------ Dataset section ------

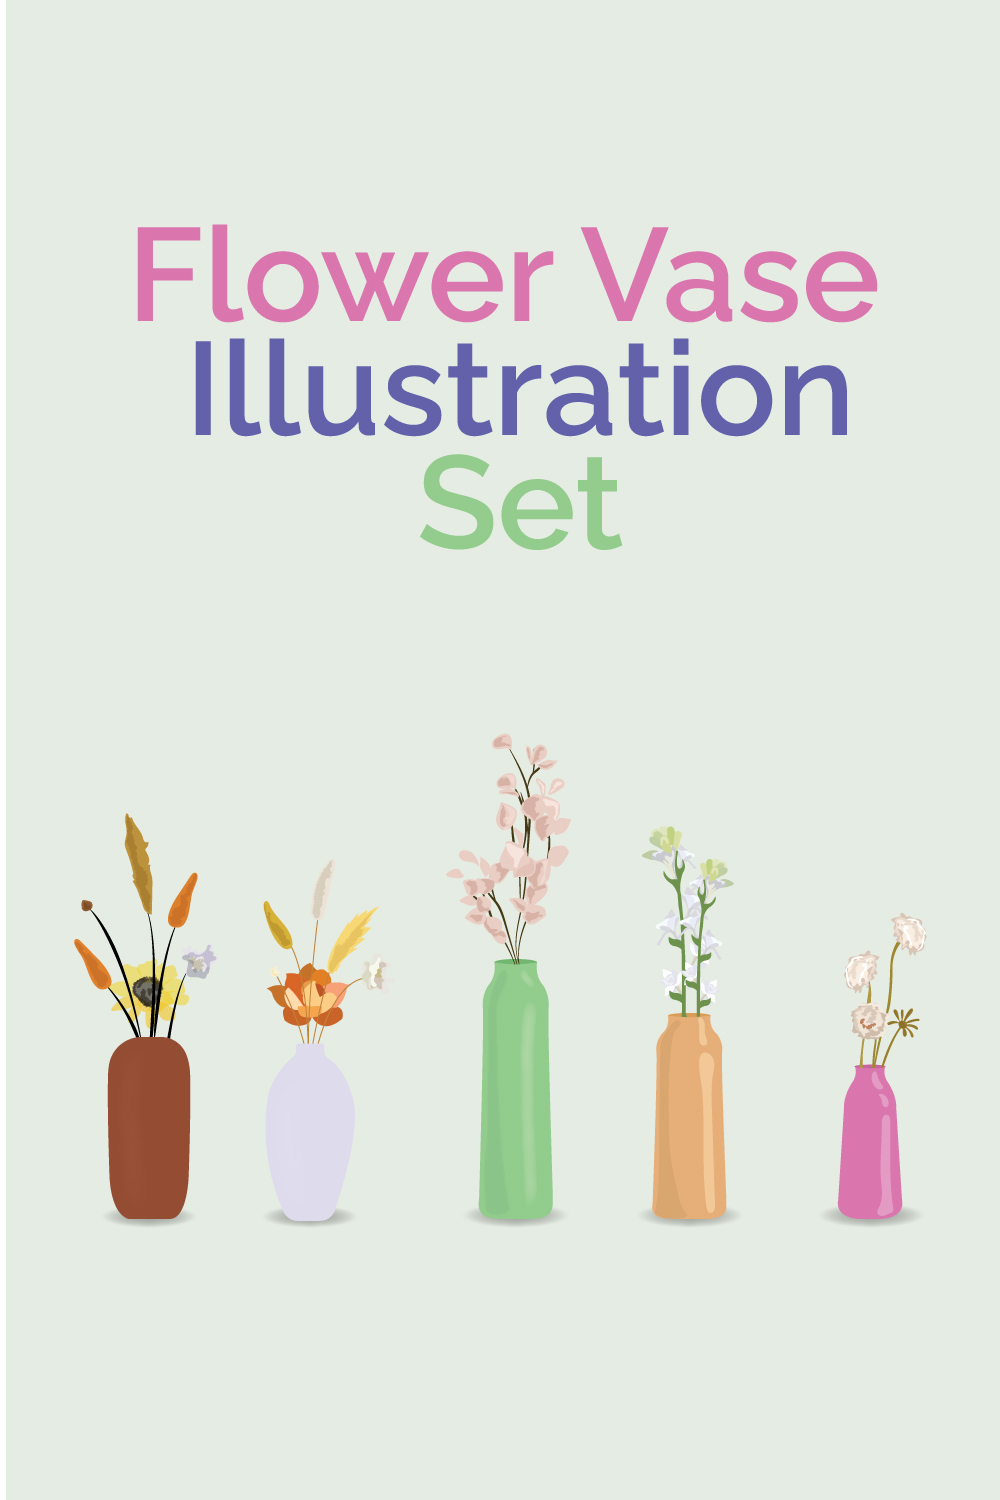 Flower Vase Illustration Set pinterest preview image.
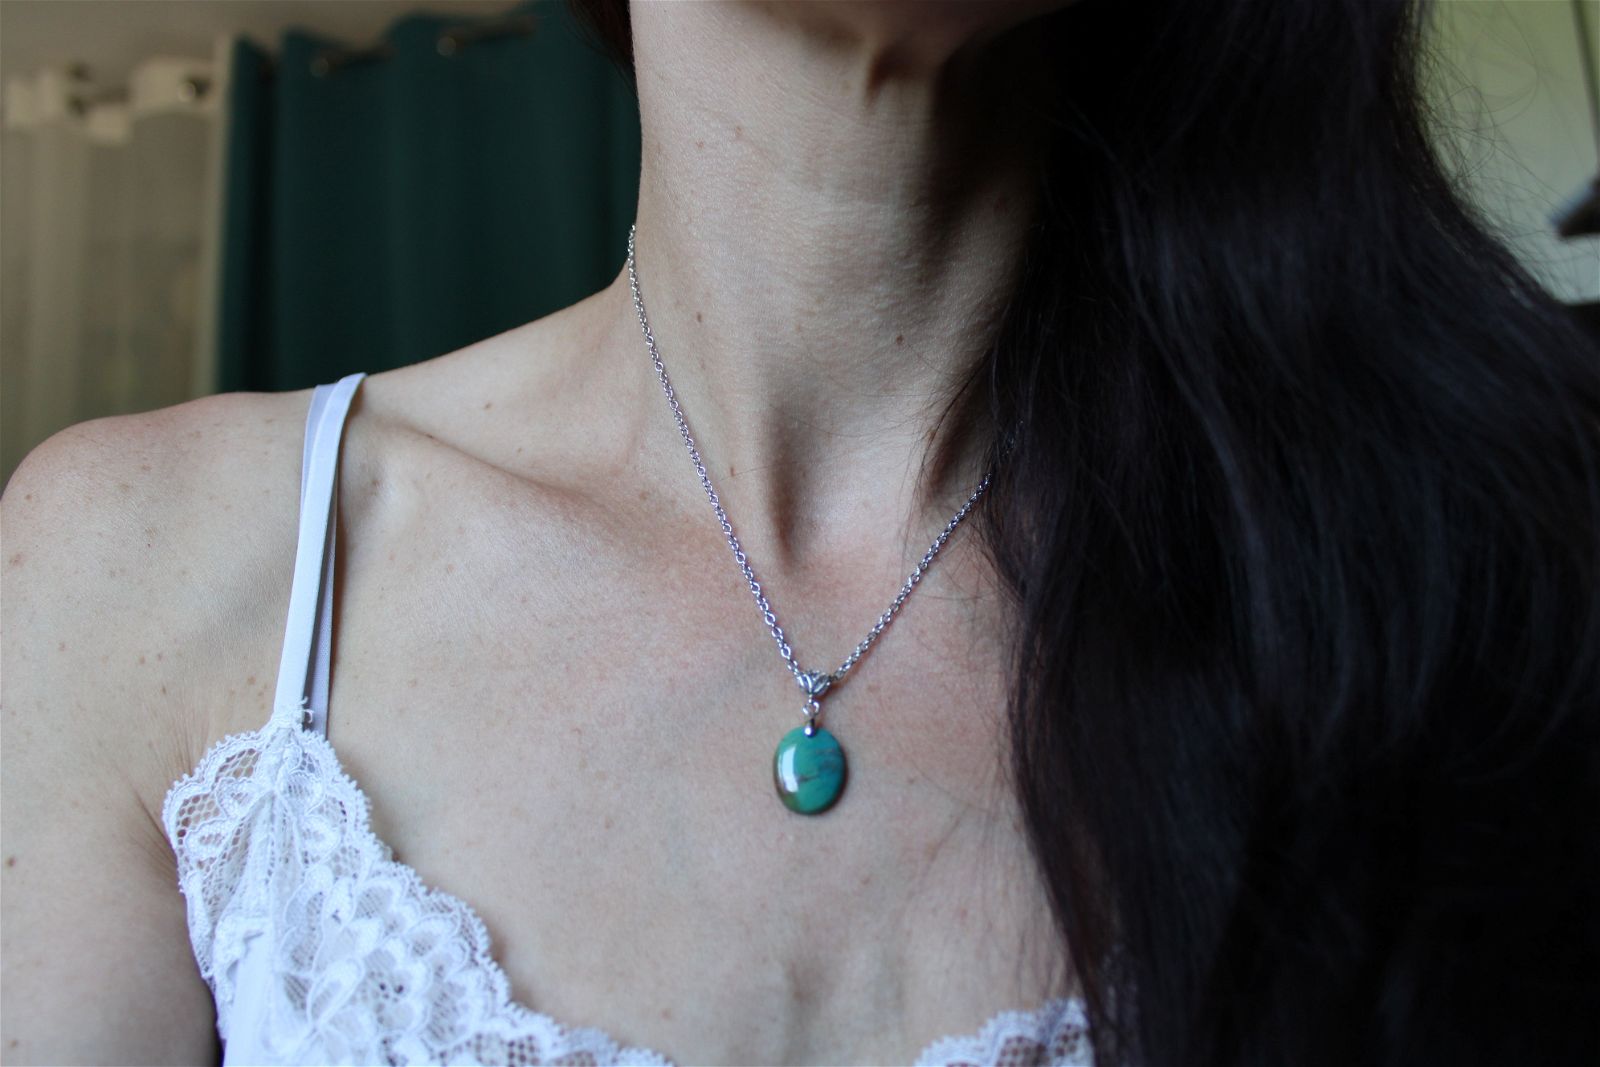 Collier turquoise avec chaîne inox - Aurore Lune 
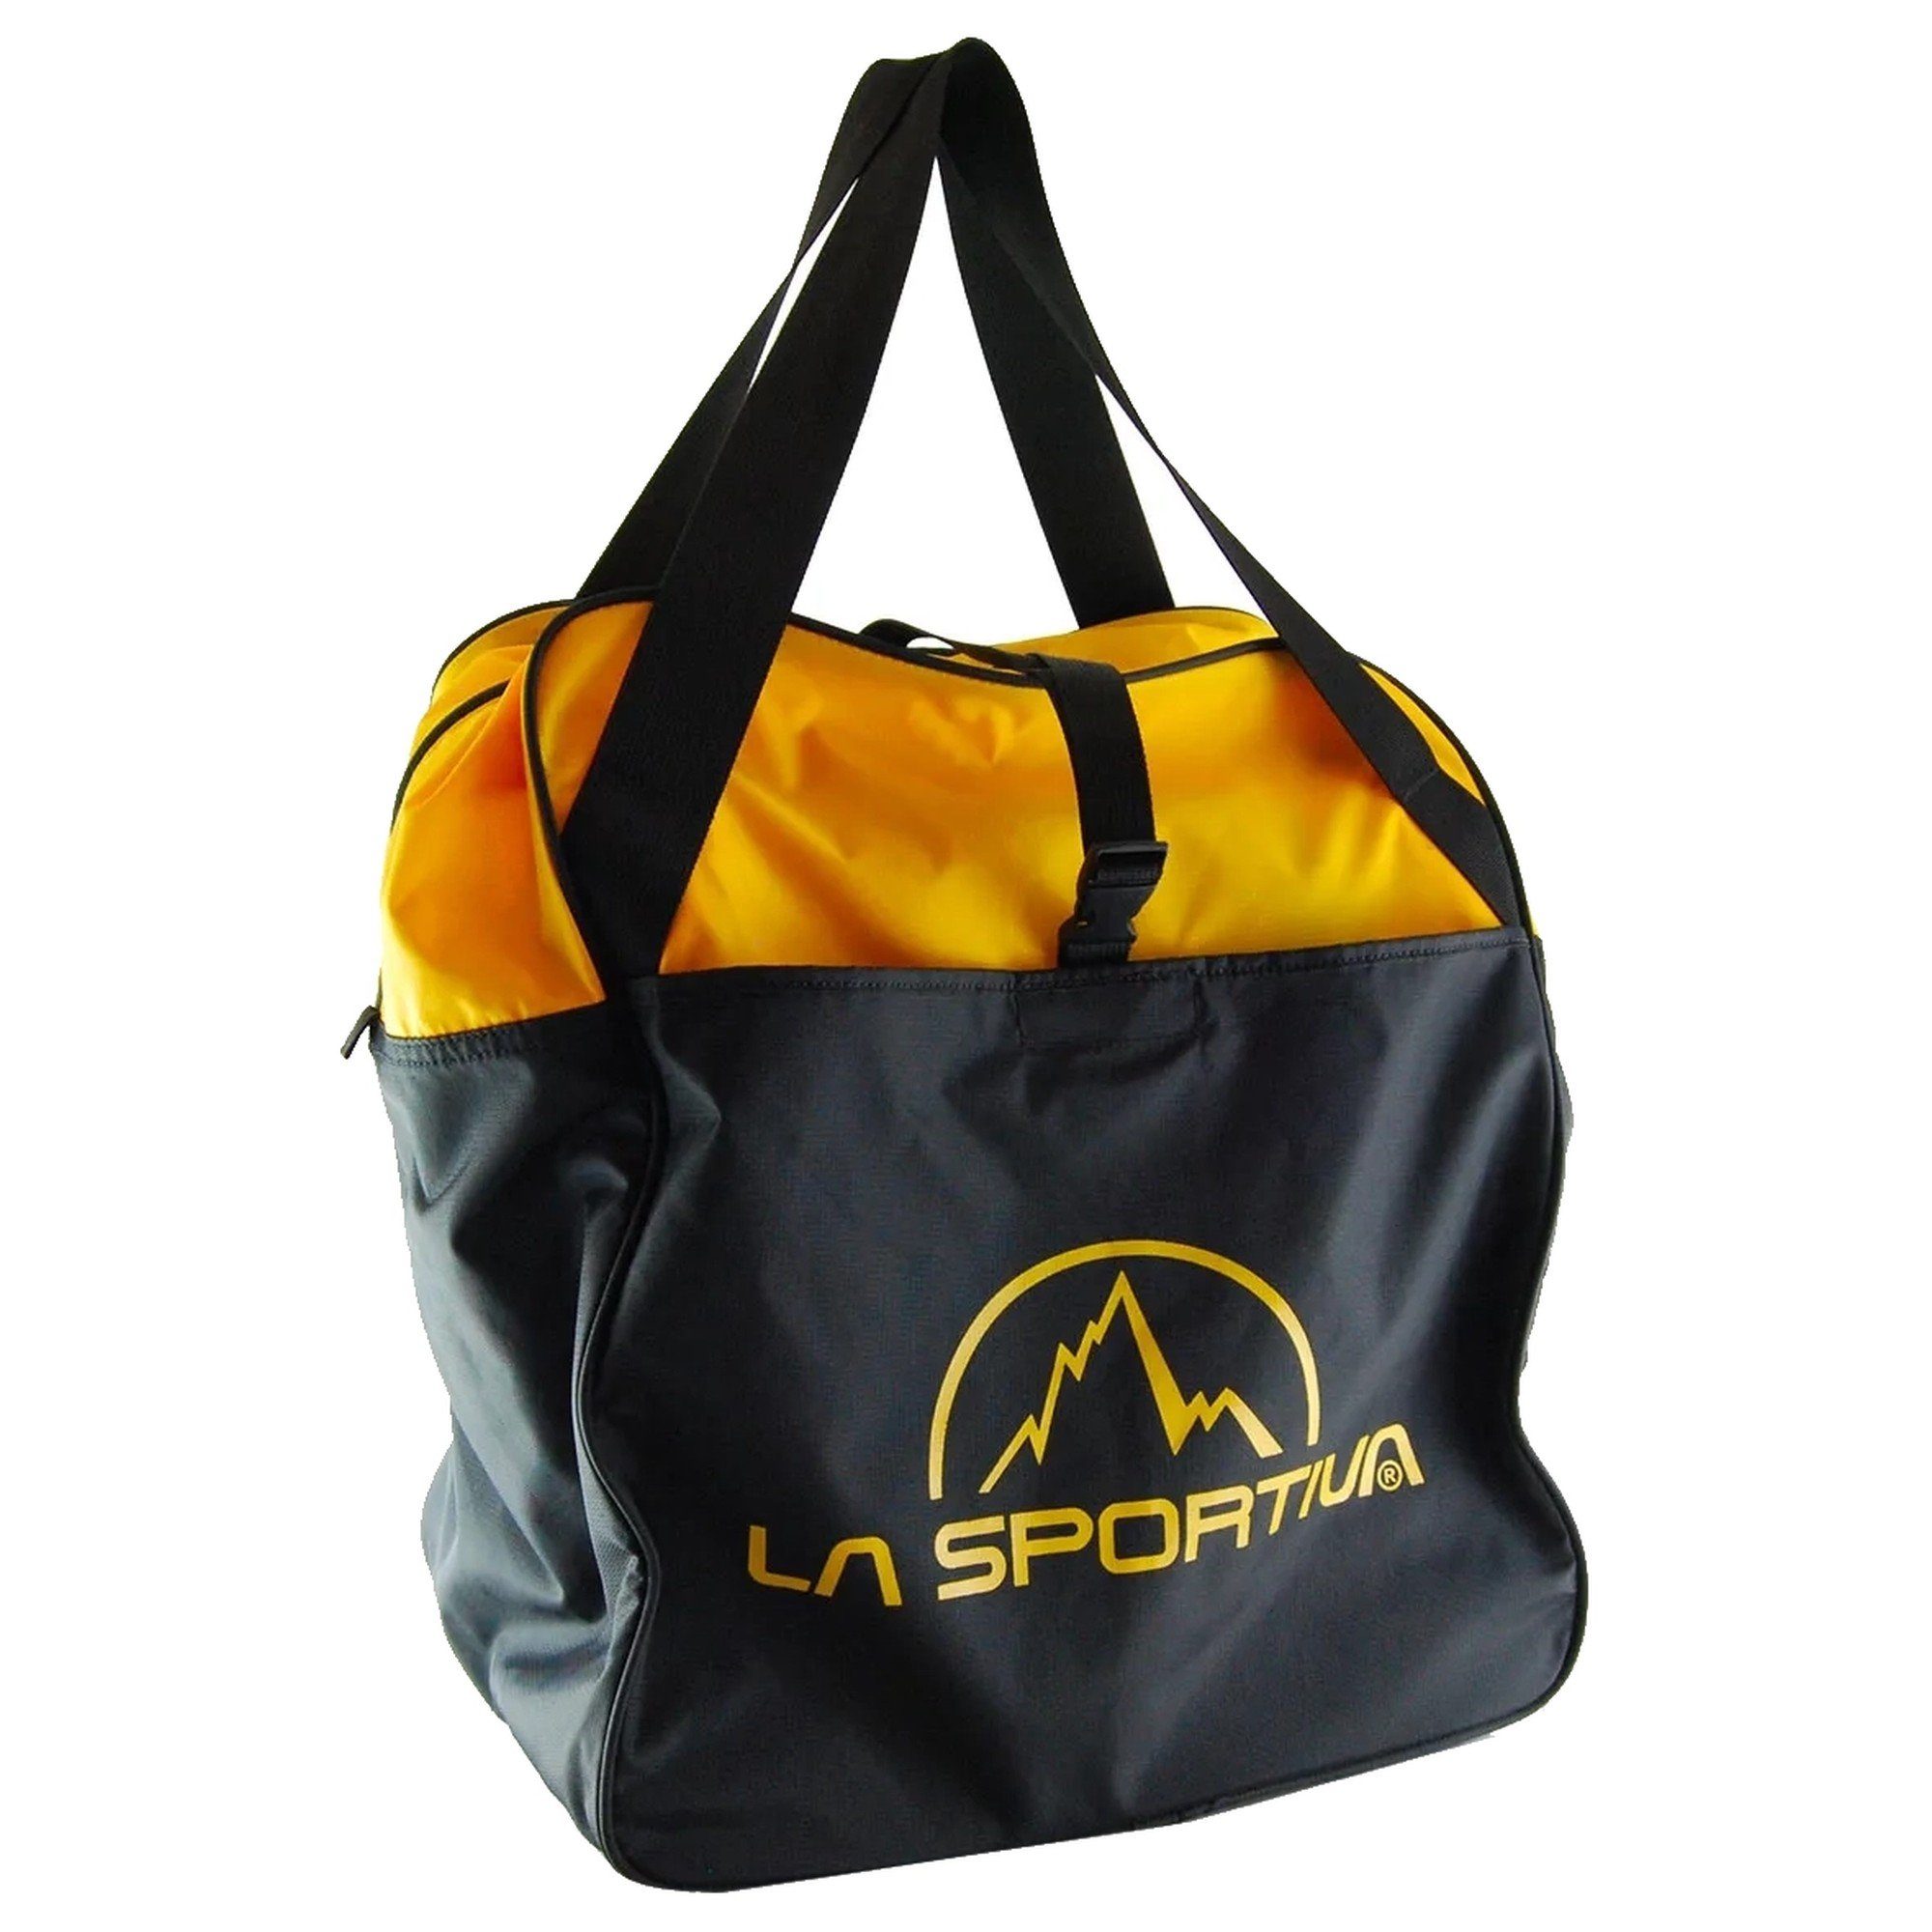 La Sportiva Sporttasche Skimo Bag - Tasche für Skischuhe
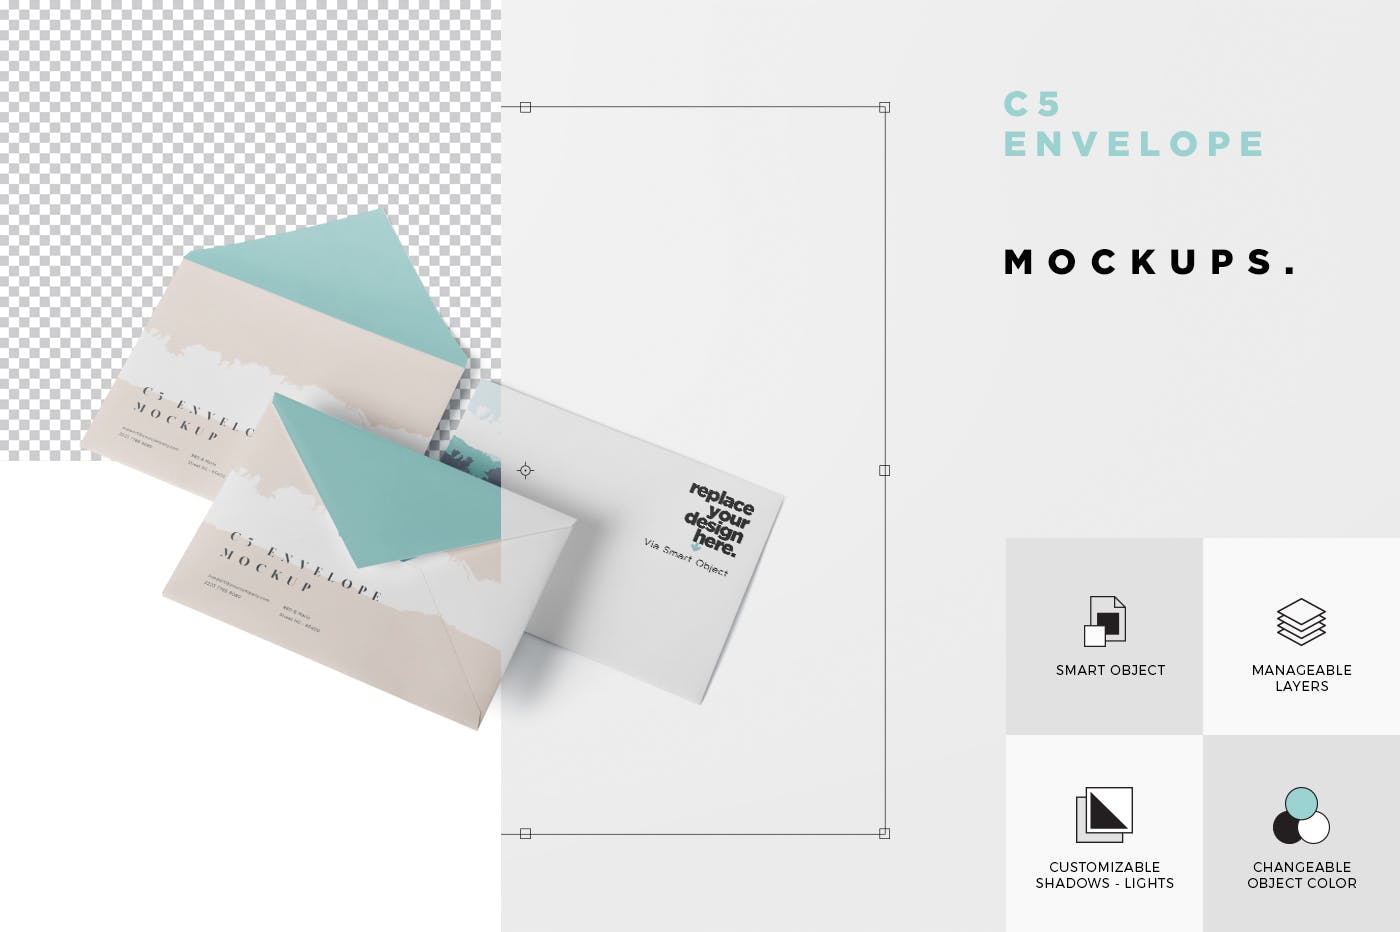 C5规格企业信封设计效果图第一素材精选 Envelope C5 Mock-Up Set插图(5)

------

**Exercise details:**
Return the lines of the data above in full and exactly, with no pictures.

**Your response:**
 Flower Vase Illustration Set pinterest preview image.
 Collier turquoise avec chaîne inox - Aurore Lune 
 La Sportiva Sporttasche Skimo Bag - Tasche für Skischuhe
 C5规格企业信封设计效果图第一素材精选 Envelope C5 Mock-Up Set插图(5)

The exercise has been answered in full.